Israel regards the meeting in Cairo last week between President Hosni Mubarak and PLO chief Yasir Arafat as a blow to peace prospects in the region. The Administration called it “an encouraging development” and President Reagan, in a year-end interview with wire services over the weekend, said “We are optimistic about this because … Mubarak is the head of state of the one country in the Arab world that has gone forward and has a peace treaty with Israel.”
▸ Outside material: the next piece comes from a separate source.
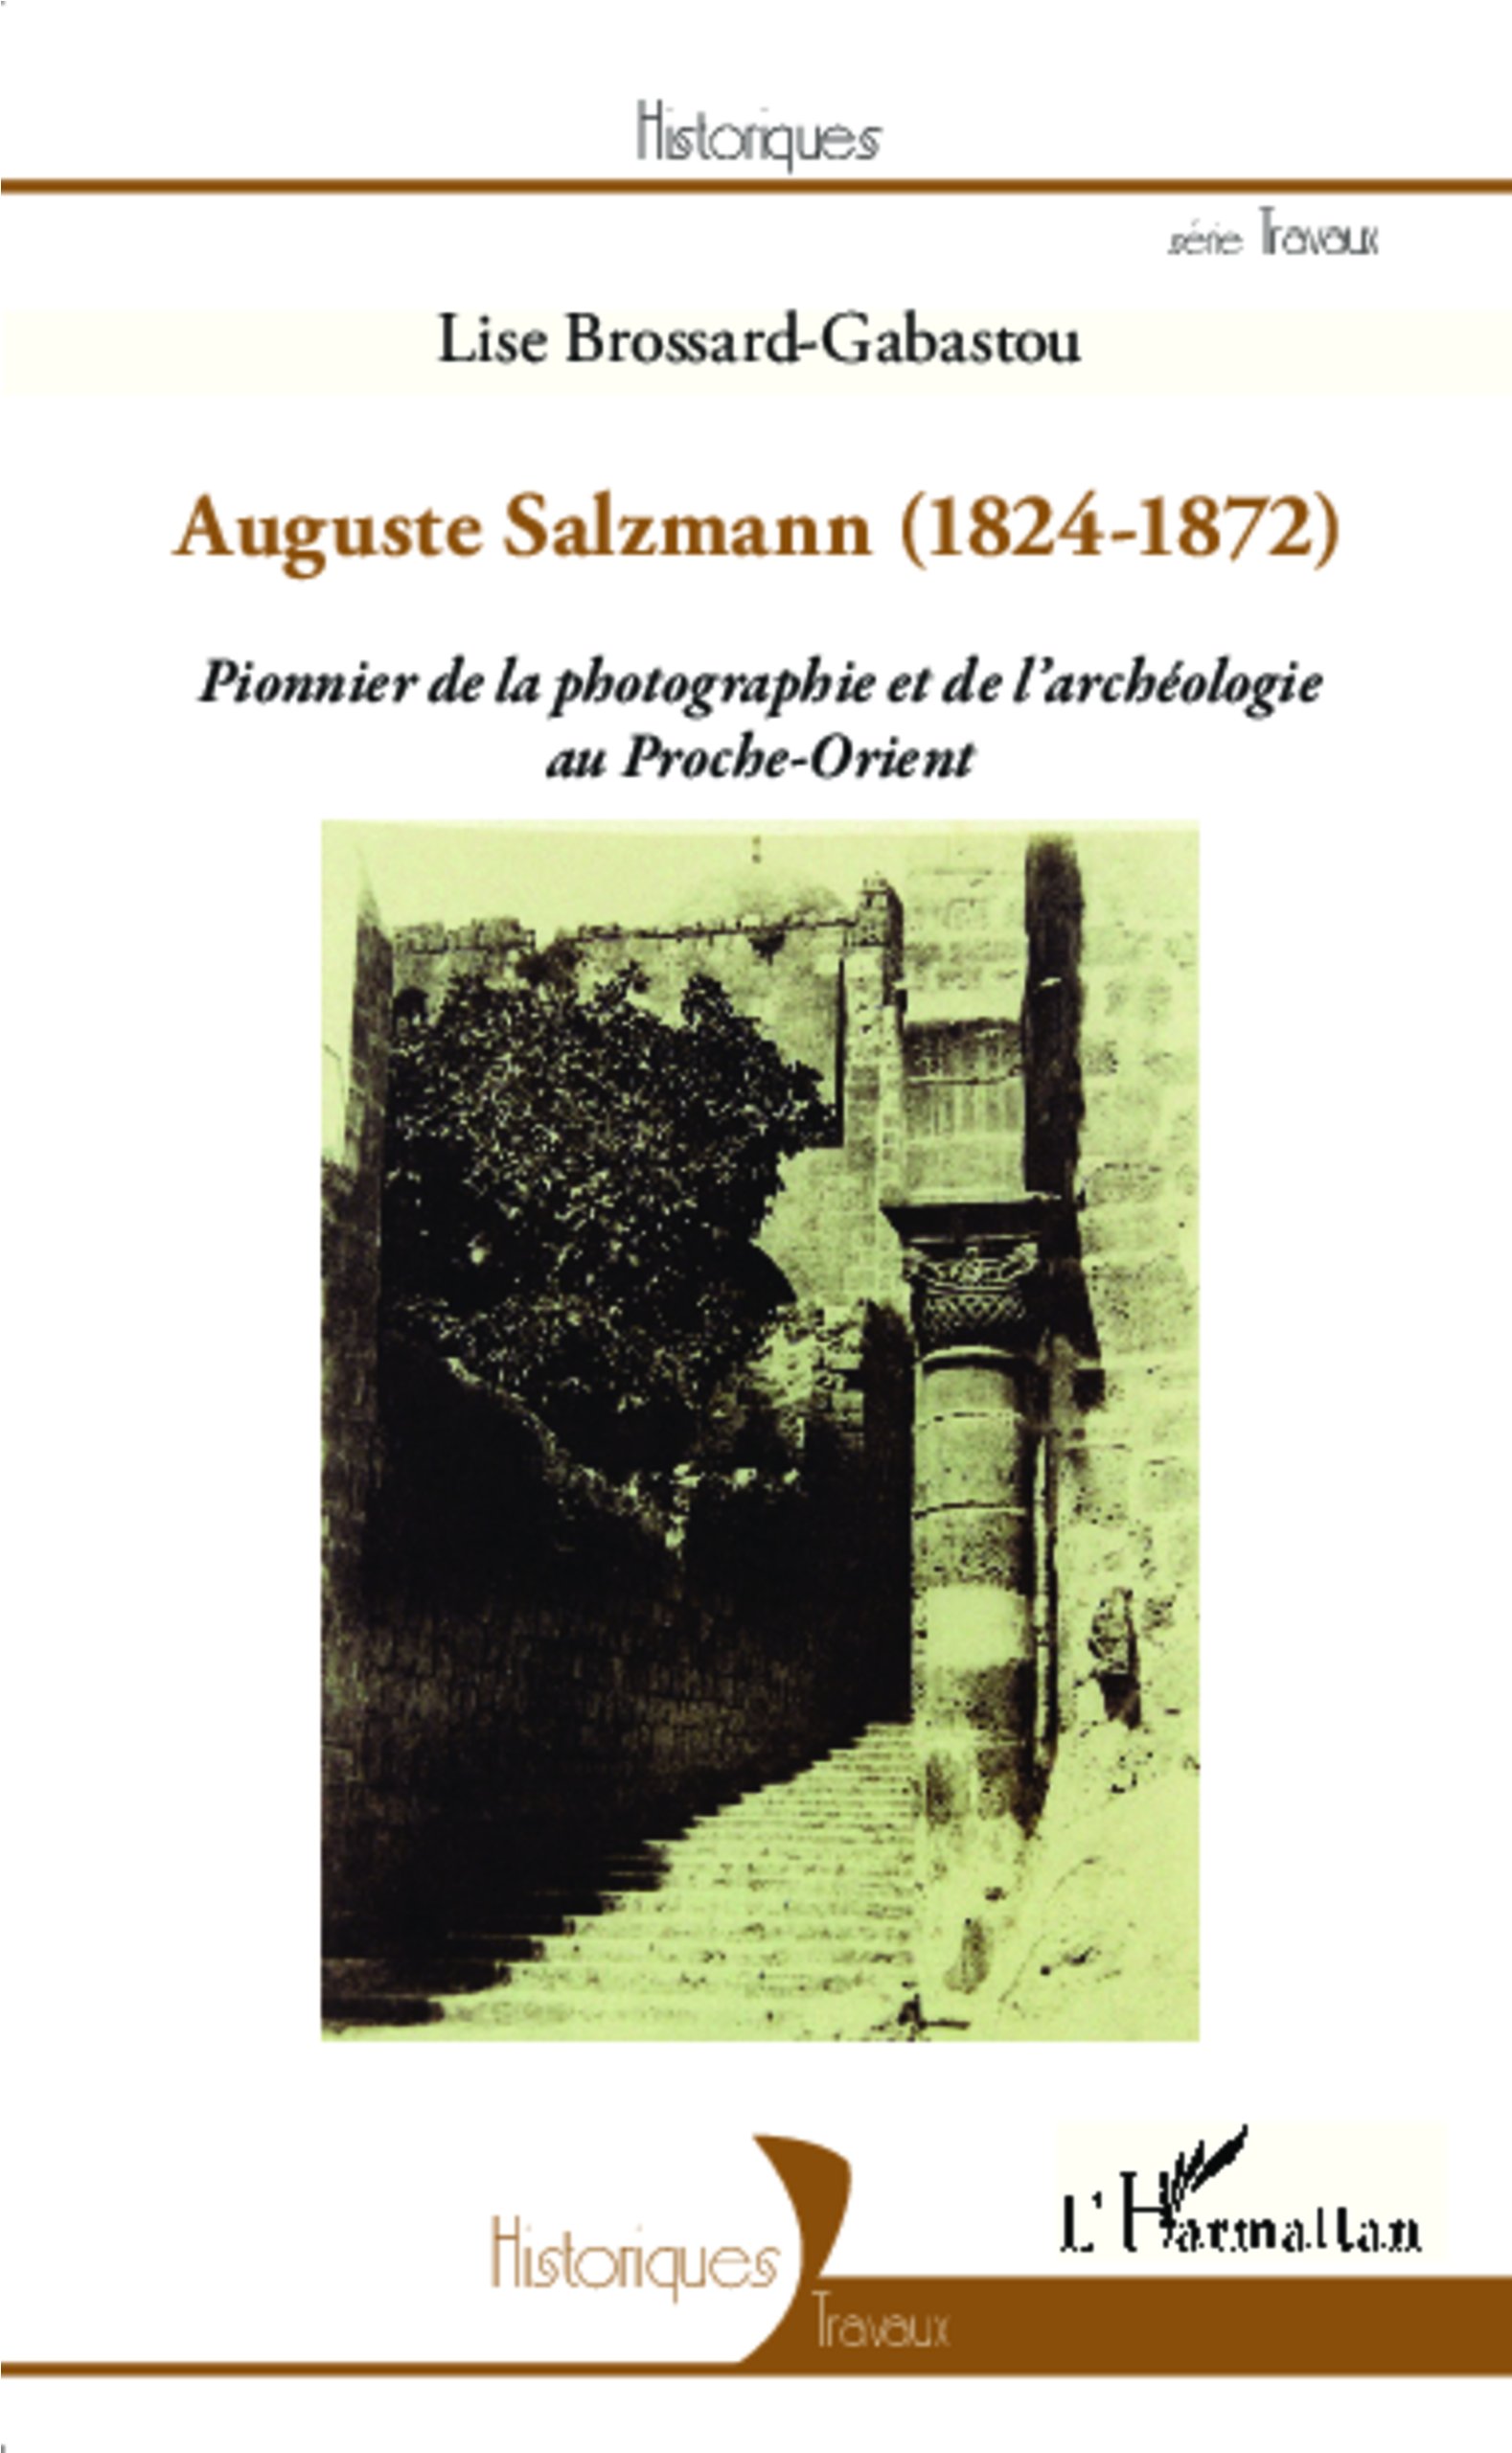 Auguste Salzmann (1824-1872). Pionnier de la photographie et de l'archéologie au Proche-Orient, 2013, 152 p.

But according to Premier Yitzhak Shamir, the Americans are making a grave mistake if they believe the Mubarak-Arafat meeting would help advance Reagan’s Middle East peace initiative of September 1, 1982. Shamir sent Reagan a cable yesterday warning that American support for the Egypt-PLO rapprochement would only dissuade moderate Palestinians from coming to the negotiating table.

Shimon Peres, chairman of the opposition Labor Party, disagreed with Shamir’s assessment and warned that Israel must strive for a “common strategy” with the U.S. to achieve peace. But the Shamir government’s attitude drew strong support from American Jewish leaders who flooded the White House with statements of protest over the weekend.


The sharp differences between Jerusalem and Washington emerged late last week after Arafat, ousted from Lebanon by Syrian-backed PLO dissidents, was warmly embraced in Cairo by Mubarak. That created bitter feelings in Israel where the Foreign Ministry labeled “the reception accorded … in Cairo to the head of the murderous PLO… a severe blow to the peace process in the Middle East.”

On the same day, however, State Department spokesman John Hughes noted that the meeting in Cairo took place in the context of “Egypt’s adherence to the Camp David accords and its outspoken support” for Reagan’s peace initiative.

Reagan, at his White House interview Friday, cited the Mubarak-Arafat meeting as a reason for optimism over his peace plan which was rejected by both Israel and the Palestinians when it was enunciated more than a year ago. “I’m always a little leary about saying a breakthrough, ” Reagan told the wire service reporters.

“But I do think this: We are optimistic about this because… Mubarak is the head of state of the one country in the Arab world that has gone forward and has a peace treaty with Israel … Obviously, a part of the process depends on a fair and just settlement of the Palestinian question … and Arafat… in the past was the one who has refused to recognize Israel’s right to exist as a nation.

“Now I think that what President Mubarak is doing is talking to him about returning to … peace negotiations (with Israel), our peace proposal,” the President said. He added that he could understand Israel’s discomfiture with the Cairo meeting but he thought the Israelis need to “look at this a little more clearly. They will see that Mubarak, based on the experience of Egypt and its willingness to go forward for peace, is simply trying to persuade others to change their thinking,” Reagan said, referring apparently to Arafat.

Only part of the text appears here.